1025-Jahr-Feier in Dankerode

1025-Jahr-Feier in Dankerode: Ein besonderes Völkchen

Dankerode - Mit einem großen Umzug startet Dankerode in seine 1025-Jahr-Feier. Auf dem Festplatz bieten die Einwohner ihren Gästen ein buntes Programm.

Von Sabine Herforth 07.08.2017, 06:37

Im 700-Seelen-Dorf Dankerode herrschte am Wochenende Ausnahmezustand. Zum 1025-jährigen Jubiläum seit der ersten urkundlichen Erwähnung wurde ein Fest auf die Beine gestellt, das sich sehen lassen konnte.

Dabei fing alles noch recht unscheinbar an: mit Blasmusik. Sie kündigte den Festumzug an, der am Sonnabend durch den Ort führte. Die Kinder und Erzieher der Kindertagesstätte Wirbelwind, die Seniorengruppe oder die Dankeröder Ortschronisten.

Das ganze Dorf war auf den Beinen und die meisten – so schien es – präsentierten sich den Besuchern bei der Dorfrunde. So bildeten beispielsweise die Bewohner der Siedlung, aber auch des Hinterdorfes Gruppen.

Fehlen durfte bei dem Umzug auch die Geschichte Dankerodes nicht, schließlich wurde Jubiläum gefeiert. Die Zuschauer grüßten also König, Adel, Mägde, aber auch einfache Bauern, die in ihren historischen Kleidern durch die Historie führten.

Alle haben sich herausgeputzt

Vereine und Feuerwehr hatten sich für diesen ersten Höhepunkt ebenso herausgeputzt wie Wanderfreunde und Sportgruppen. Ein Blickfang waren zudem das am längsten und am frischesten verheiratete Ehepaar im Ort, die mit Kutsche durch Dankerode fuhren.

Zwischendurch stoppte der Umzug immer wieder, nicht alles lief reibungslos. Doch weder die Zuschauer noch die Umzugsteilnehmer störten sich daran und hatten ihren Spaß an den verschiedenen Darbietungen.

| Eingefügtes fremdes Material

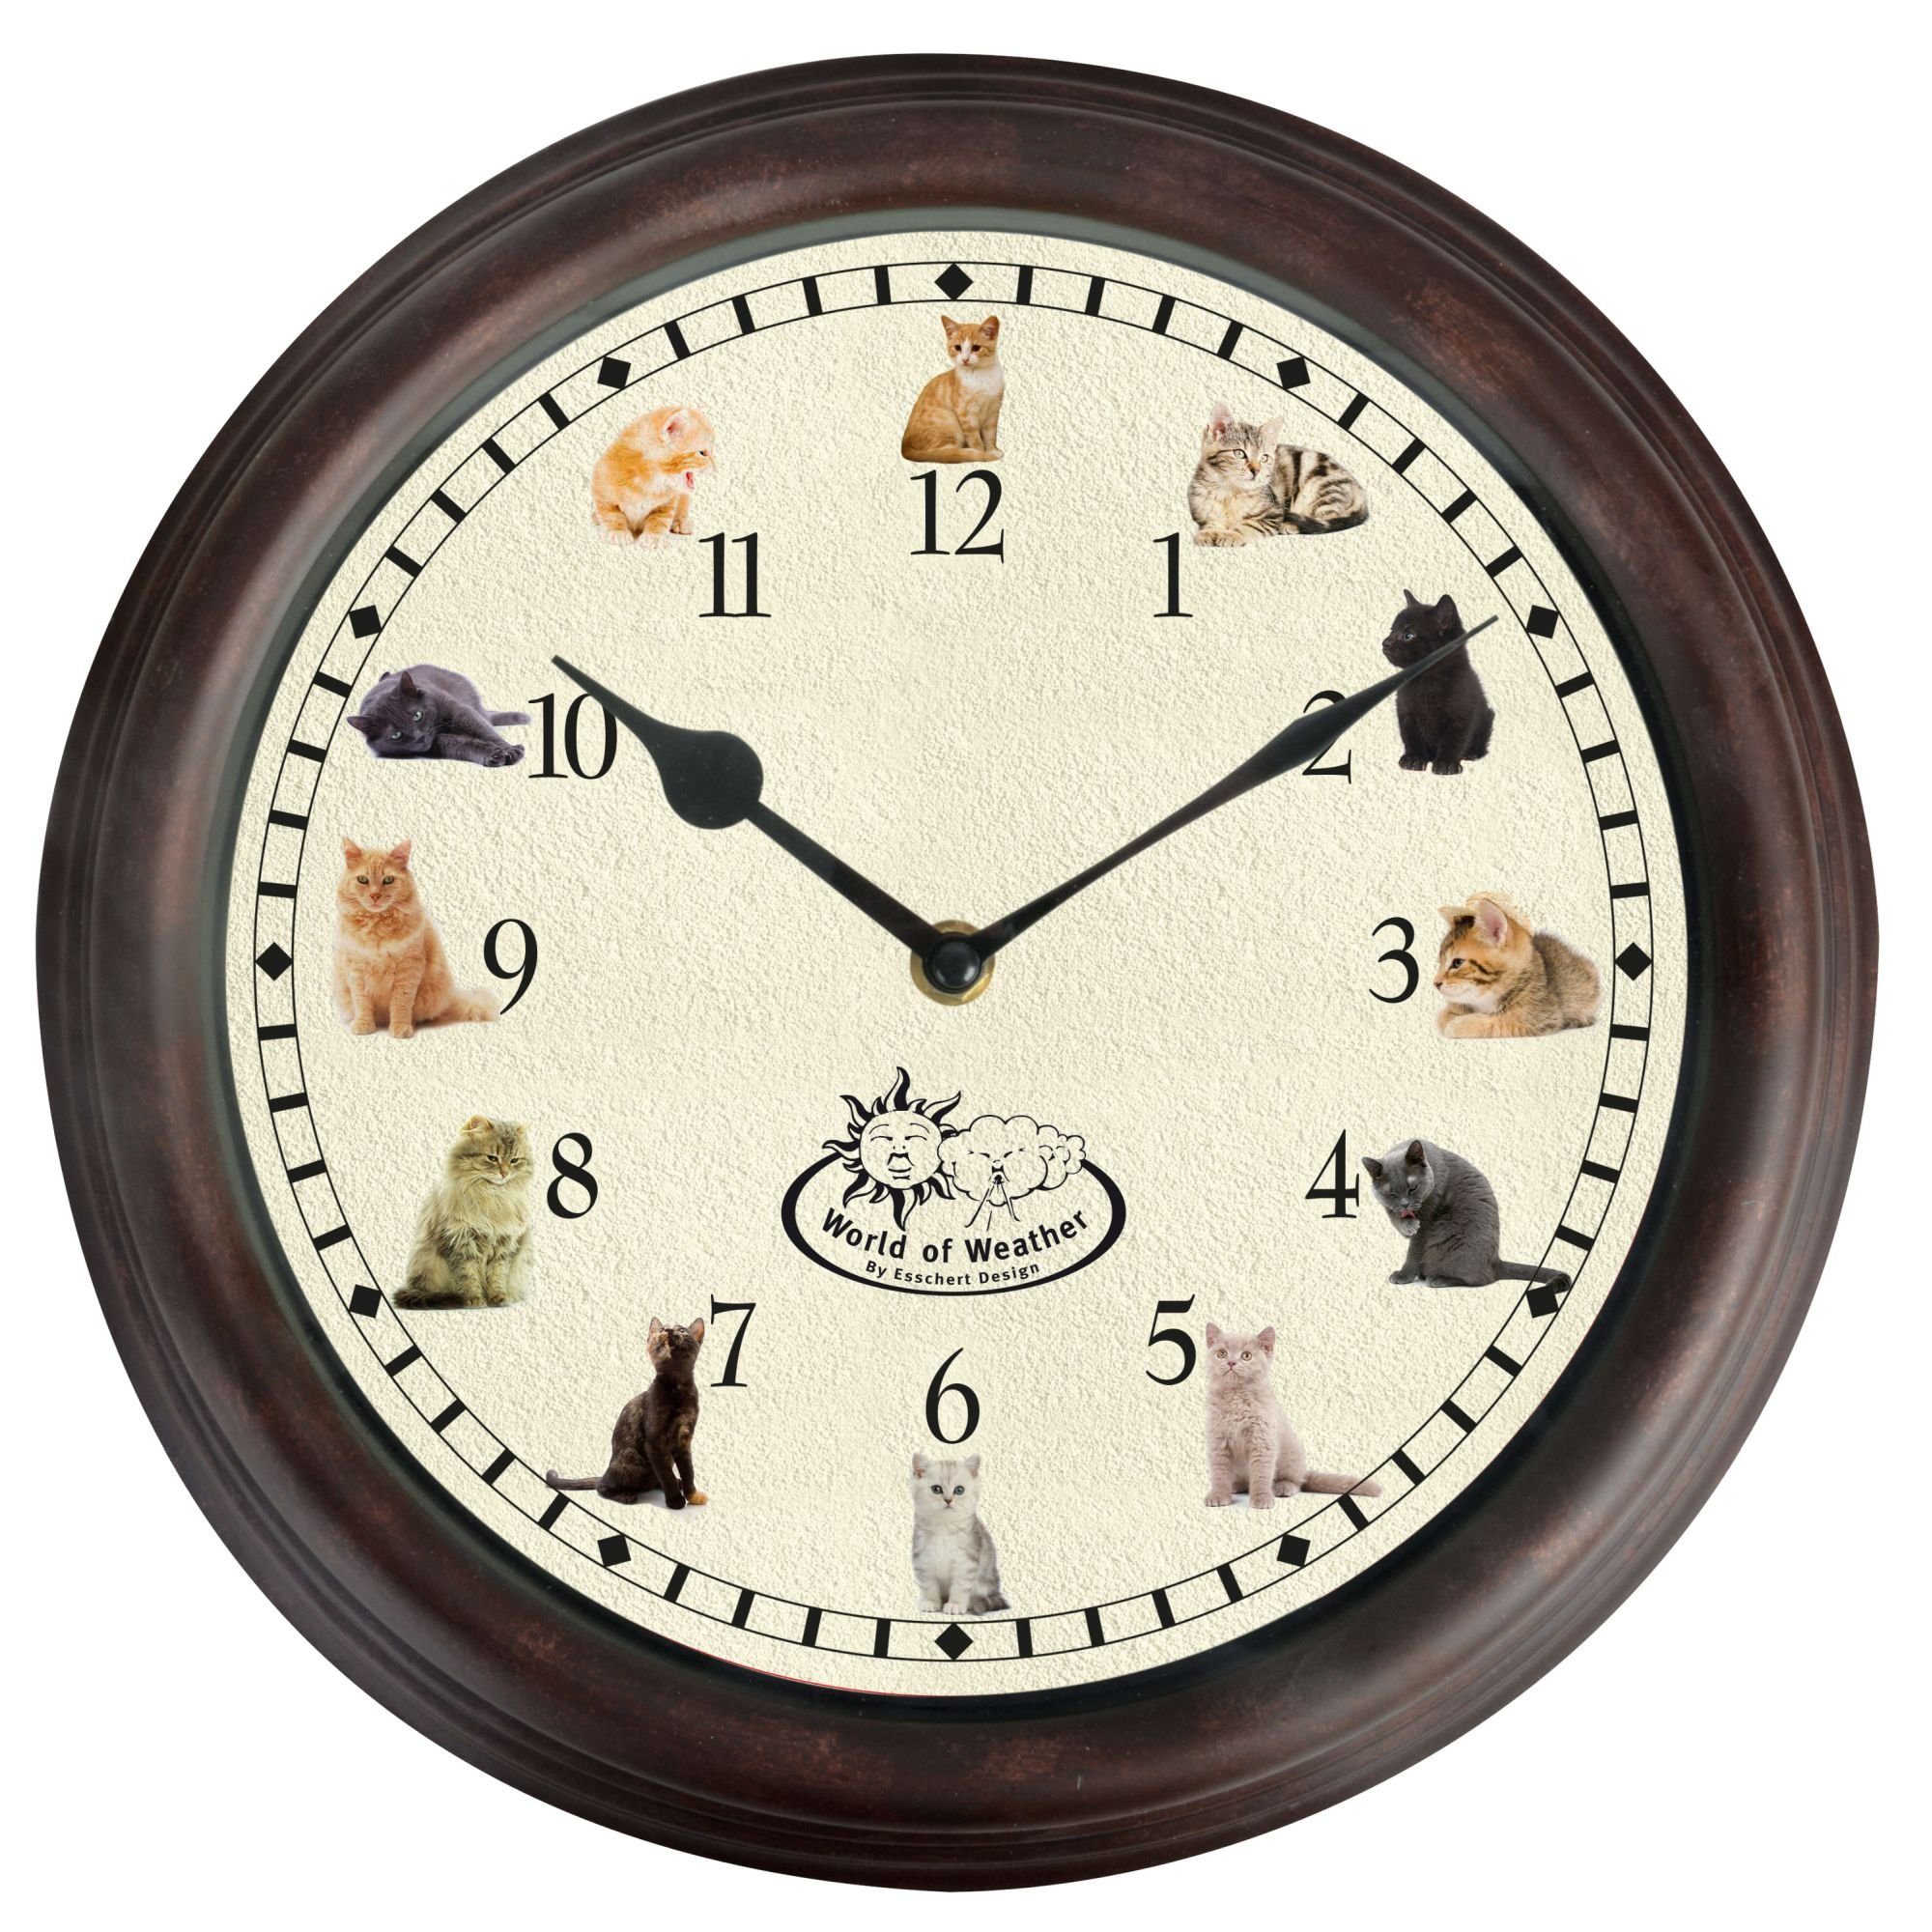 Rivanto Wanduhr (Uhr mit Katzengeräuchenn, Durchmesser 30 cm)
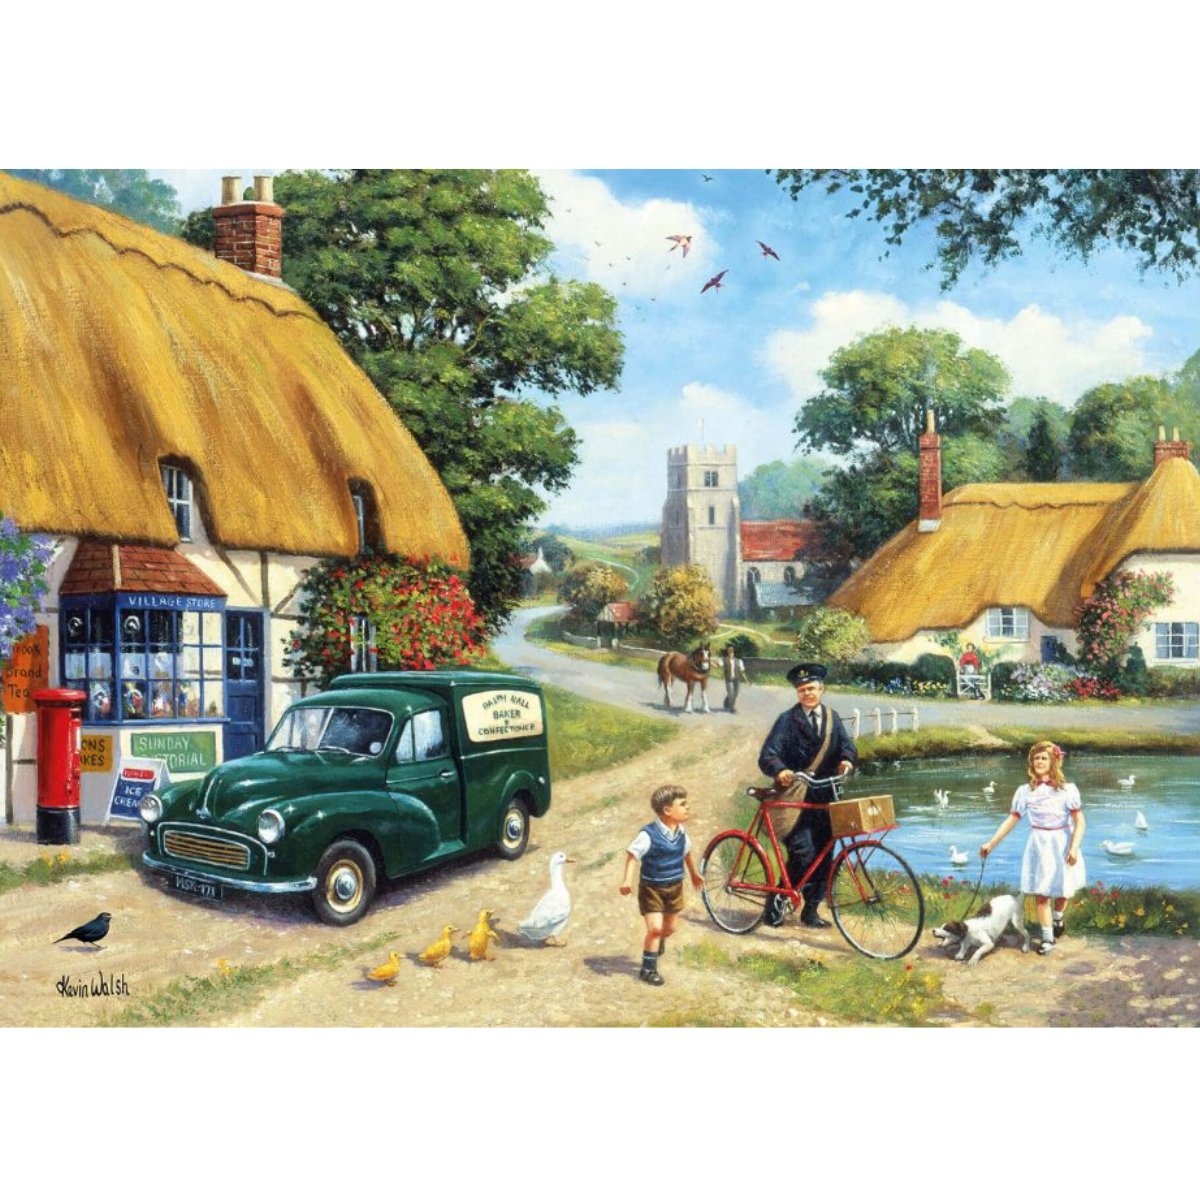 Kevin Walsh Nostalgia Village Postman Jigsaw Puzzle (1000 Pieces)

Mit dem Transparent „Dankerode – Teil einer großen Gemeinschaft“ kündigten sich schließlich die Teilnehmer aus den umliegenden Ortsteilen Harzgerodes an. Die Ortsbürgermeister - geschmückt mit Schärpen – führten diesen Teil an. Und selbst aus Sangerhausen waren Freunde vom Karnevalsverein angereist, die den Dankerödern gratulieren wollten.

Gut 600 Teilnehmer – also nahezu so viele Menschen wie Dankerode Einwohner hat – beteiligten sich an dem Festumzug.

Als die Kolonne schließlich auf dem Festplatz auf dem Martelsberg ankam, wurde es schnell eng. Alle Umzugsteilnehmer trafen aufeinander und sorgten dabei mitunter für lustige Begegnungen.

So musterte beispielsweise eine Hexe, mit langer krummer Nase und giftgrüner Haut, die Braut in ihrem weißen Kleid mehrfach und fragte schließlich: „Wer ist die Schönste heute?“

Viele Sponsoren halfen beim üppigen Fest

„Wir sind stolz und freuen uns unheimlich, wie viele Menschen sich hier beteiligt haben, um einen tollen Festumzug zu gestalten“, sagte Ortsbürgermeister Manfred Kroll bei seiner Ansprache. Möglich sei das üppige Fest nur durch viele Sponsoren, sodass insgesamt ein finanzielles Volumen von 18.000 Euro zur Verfügung stand und vermutlich keine Rechnung unbeglichen bleibe, kündigte Kroll an.

Besonders froh sei er aber, dass sich der Festplatz dem Anlass entsprechend präsentiere. „Der Martelsberg war in einem sehr schlechten Zustand“, erinnerte Kroll. Viele Einwohner hätten immer wieder viele Stunden investiert, um den Festplatz herzurichten.

Und auch beim Dekorieren ließen sich die Dorfbewohner nicht lumpen. Überall hingen beispielsweise kleine bunte Wimpel, die in den Wochen vor dem Fest selbst genäht wurden.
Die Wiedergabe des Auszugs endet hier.